▶ **Goal of the exercise**
Give again, exactly as written, each line of the material below starting at the line that contains "Fiscalía peruana allana" and ending at the line that contains "Vecchie Moto classiche". Both ends count, and no other line does.

▶ **Data records**
<<<<
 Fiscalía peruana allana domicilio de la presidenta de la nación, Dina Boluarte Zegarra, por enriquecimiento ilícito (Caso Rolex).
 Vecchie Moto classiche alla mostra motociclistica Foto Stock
>>>>
<<<<
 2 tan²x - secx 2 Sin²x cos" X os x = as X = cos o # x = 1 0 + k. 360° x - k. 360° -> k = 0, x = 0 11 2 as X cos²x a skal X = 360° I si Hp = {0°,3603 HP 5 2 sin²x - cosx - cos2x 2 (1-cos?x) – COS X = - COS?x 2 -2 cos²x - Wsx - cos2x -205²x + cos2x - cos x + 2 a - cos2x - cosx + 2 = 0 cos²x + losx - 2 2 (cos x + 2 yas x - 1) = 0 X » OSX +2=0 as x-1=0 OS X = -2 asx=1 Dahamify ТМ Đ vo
>>>>
▶ **Output below**
 Fiscalía peruana allana domicilio de la presidenta de la nación, Dina Boluarte Zegarra, por enriquecimiento ilícito (Caso Rolex).
 Vecchie Moto classiche alla mostra motociclistica Foto Stock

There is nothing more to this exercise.